Ducati No EV Bike On The Horizon | Ducati Seeks Alt Fuels

Ducati has been rumoured for some time now to be inbound with EV bikes for the road, especially as they have become the EV bike of choice for the 2023 season of the FIM Enel MotoE World Cup…but the brakes have been firmly placed on that enthusiasm as there appears to be a gulf between aspiration and technological foundation particularly in the battery department.

EV bikes are moving at an ever increasing rate of development and the mainstream manufacturers have been starting to enter the market and will progress even further over the next couple of years with the likes of Kawasaki, Suzuki, Yamaha and Honda to launch EV bikes. Let alone the already establish EV bike manufacturers such as Zero and Energica.

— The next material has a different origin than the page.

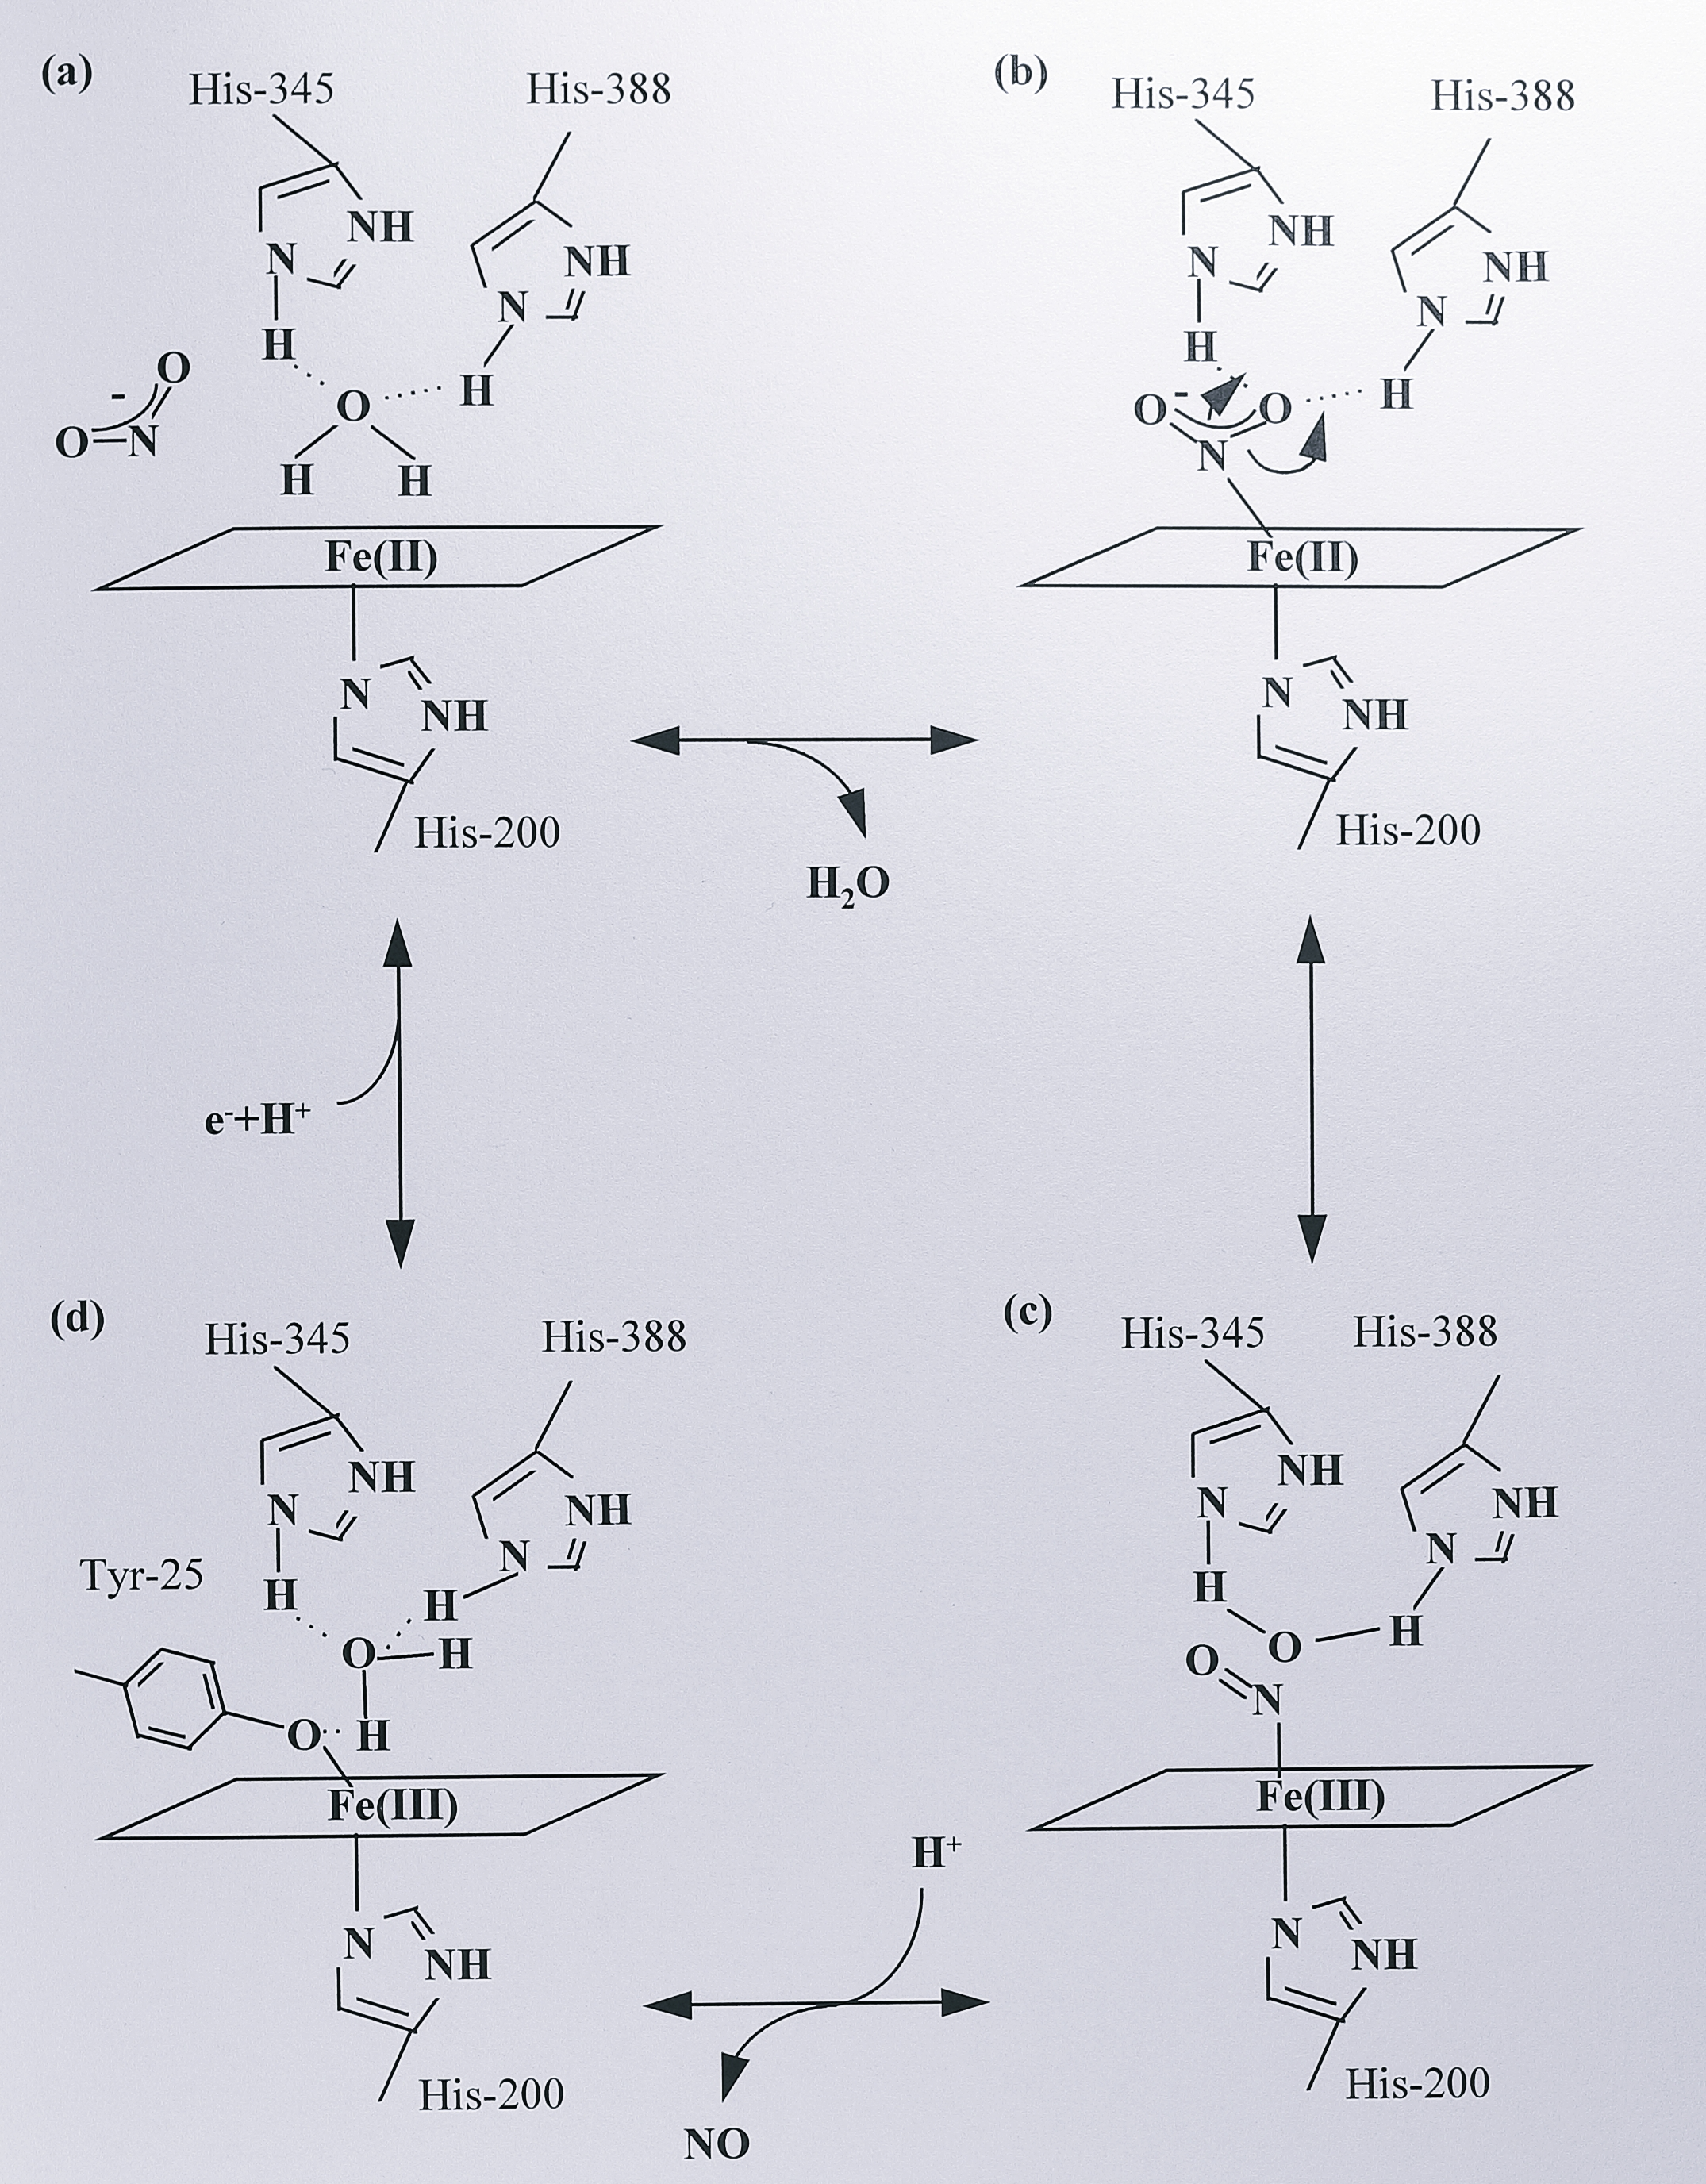 Proposed mechanism for nitrite reduction by cytochrome _cd_$_1$ from _Thiosphaera pantotropha_ (Fülöp _et al_., 1995 [@fulop_anatomy_1995]). (a) Nitrite binds at the reduced _d_$_1$ haem which is pentacoordinate, displacing a water molecule. (b) His-345 and His-388 act as proton donors, allowing the abstraction of an oxygen atom from bound nitrite. (c) This leaves nitric oxide bound at the oxidised _d_$_1$ haem. (d) Bound NO is then displaced by replacement with Tyr-25. The _d_$_1$ haem is re-reduced by an electron from the _c_-haem, displacing Tyr-25 and allowing the cycle to begin again.

The Chinese manufacturers have entered the race too and let’s not forget Indian manufacturers who have big plans for the coming years. Harley Davidson spin off company LiveWire have stuttered to get going however they have already one bike in production with another due to launch anytime soon, albeit there have been delays in final production and delivery to pre order customers.

Parent company Volkswagen AG have set the group of companies on an electrification course for the next few years but Ducati appear to be languishing behind although they all share and have access to technology for the EV endeavour.

However Ducati North America chief exec; Jason Chinnock recently stated: “It’s going to be some years,” Chinnock told Bloomberg Television on Thursday. “The battery technology really isn’t there.”

He further went on to state:

“There isn’t a consumer bike directly in development because this is still so early,” Chinnock said. “It’s really going to take battery tech to evolve.”

“Once that is evolved to the point where it makes sense for us to integrate it in, where we can address performance and range and weight, that’s the trifecta,” Chinnock said. “It still needs to be distinctly a Ducati.”

Now this is not to say that Ducati are not racing towards a greener future, far from it. Actually they are investigating the viability of alternative fuels which other manufacturers have also been looking into of late and some such as Triumph and KTM have been vocal in their reservations about the EV solution being the only game in town but rather seeking to promote the viability of alternative fuels such as bio, hydrogen or synthetic. Whilst these are still in infancy, not in terms of the applied technology but rather whether these can be produced in mass or efficiently. If the latter may be the case, then it would appear a parallel approach to a ‘green solution’ might be the best way forward and Ducati’s slow start may not be such a drawback in the end at all.